**WHAT IS BEING ASKED**
Without any images, write the listing below out word for word.

**MATERIAL PROVIDED**
▬▬▬▬▬▬▬▬▬▬
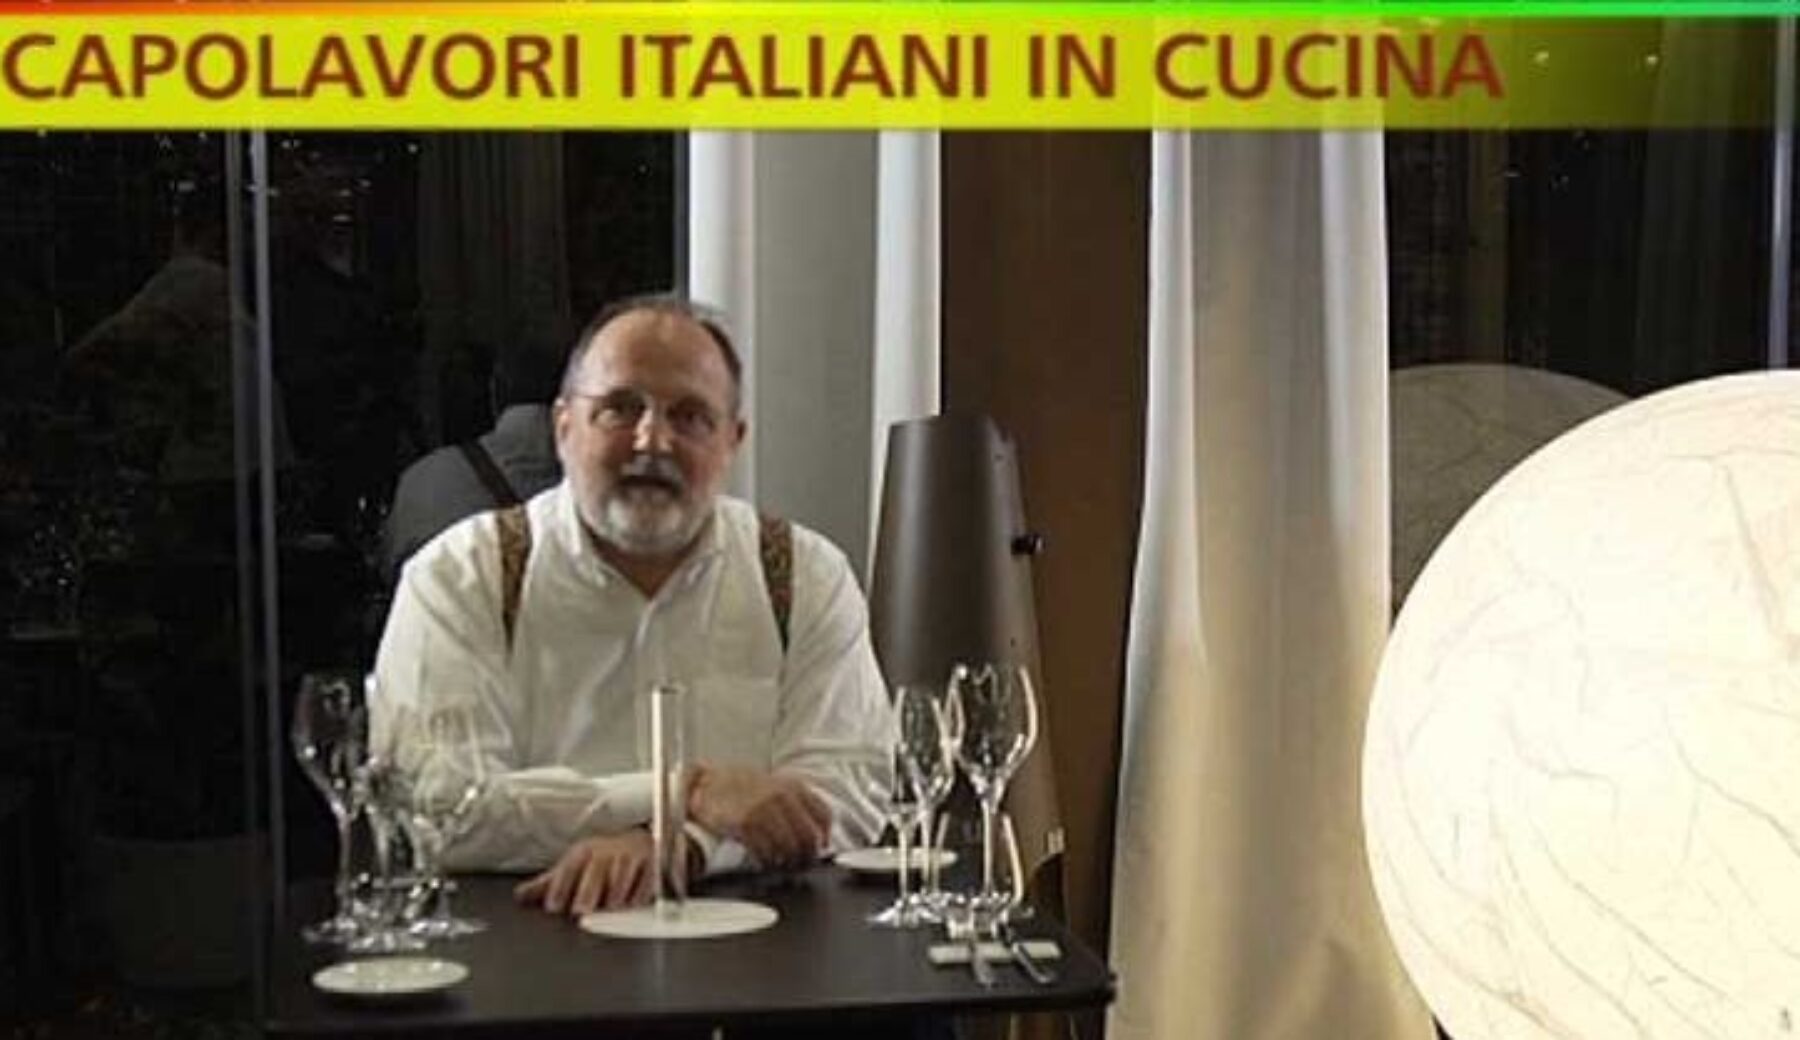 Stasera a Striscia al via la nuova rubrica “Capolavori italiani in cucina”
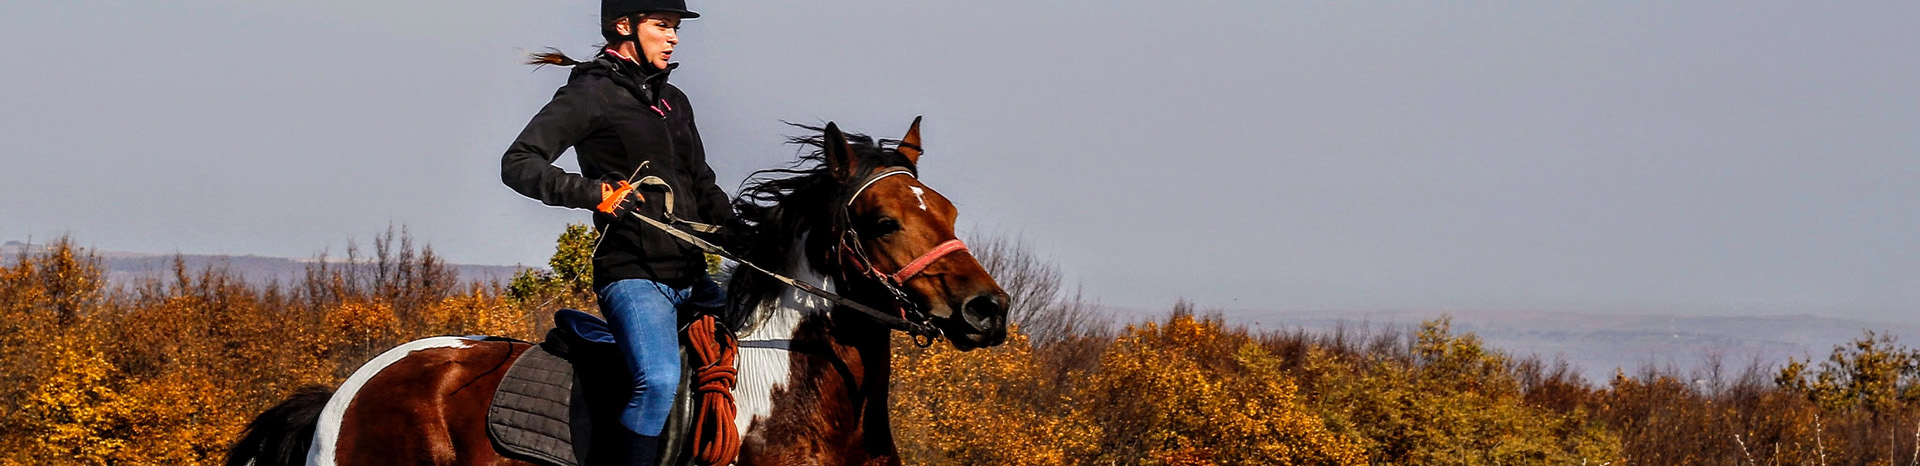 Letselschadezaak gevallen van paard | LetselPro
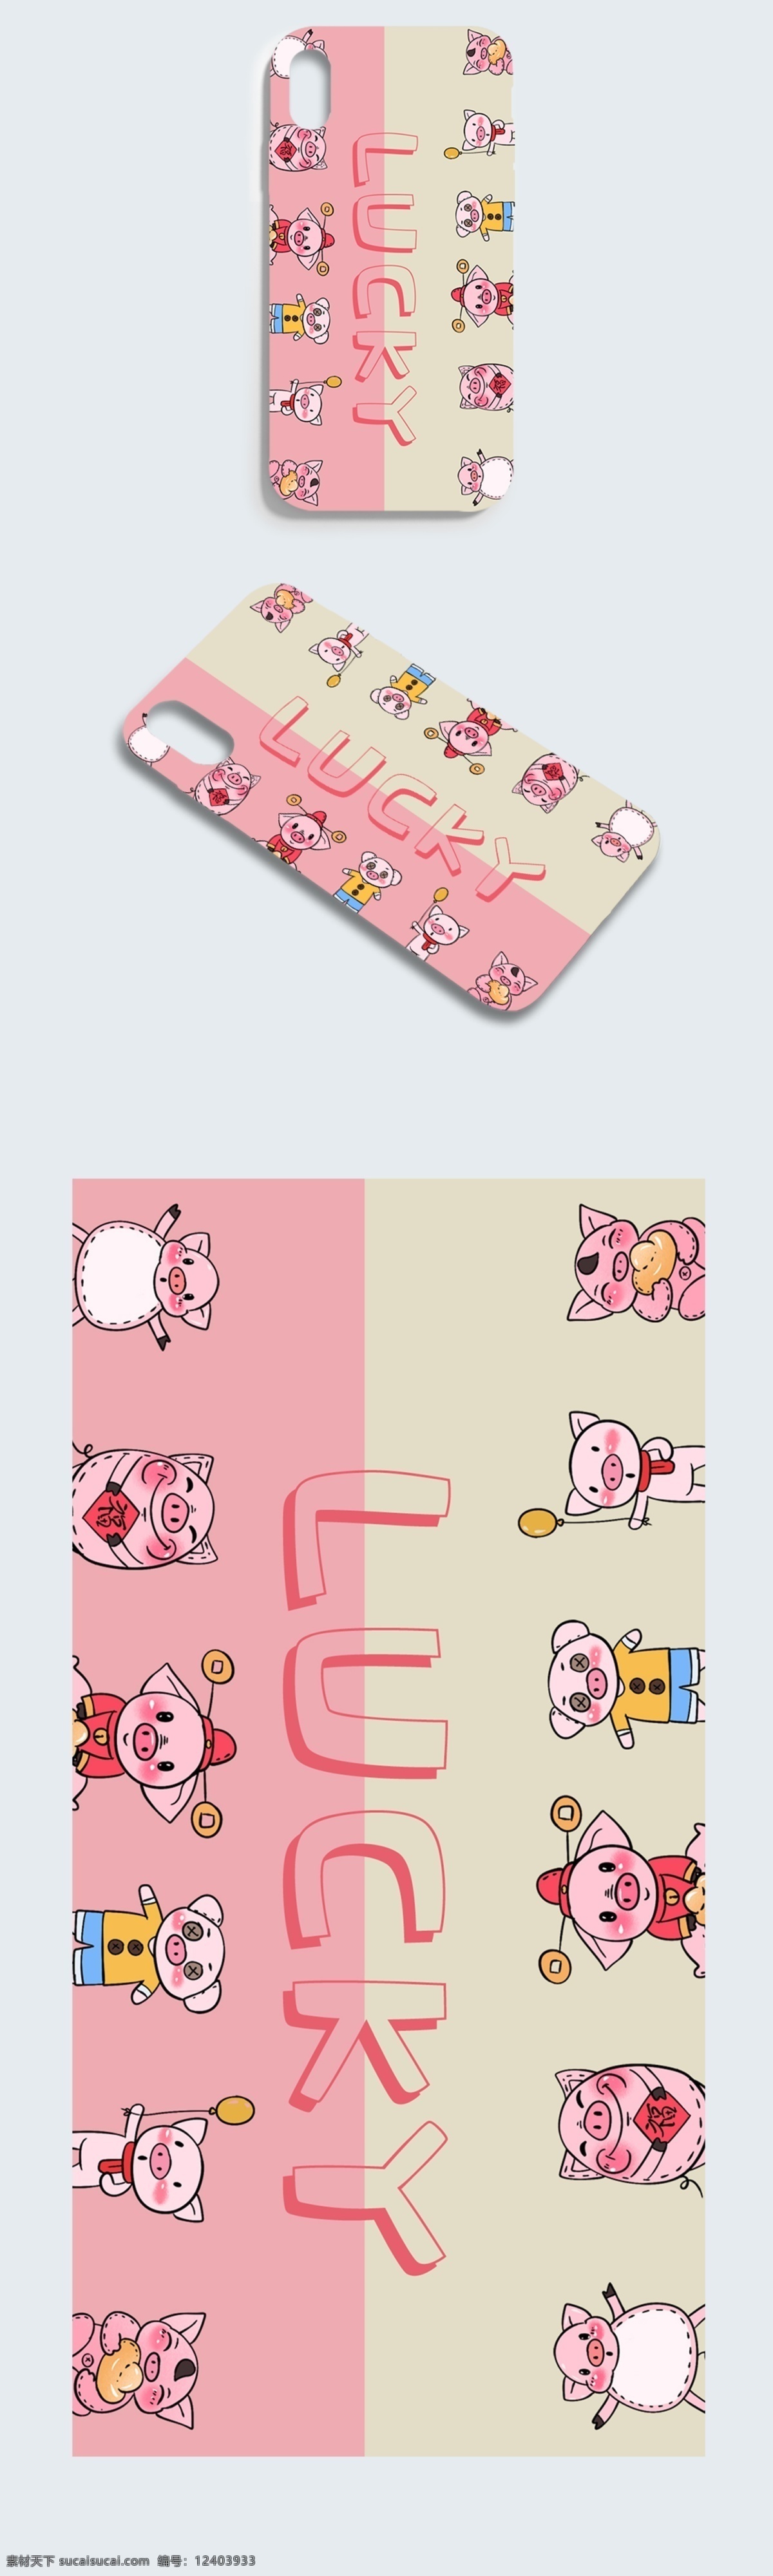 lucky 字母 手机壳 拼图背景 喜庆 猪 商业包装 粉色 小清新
▬▬▬▬▬▬▬▬▬▬
**SOLUTION**
 Stasera a Striscia al via la nuova rubrica “Capolavori italiani in cucina”
 Letselschadezaak gevallen van paard | LetselPro
 lucky 字母 手机壳 拼图背景 喜庆 猪 商业包装 粉色 小清新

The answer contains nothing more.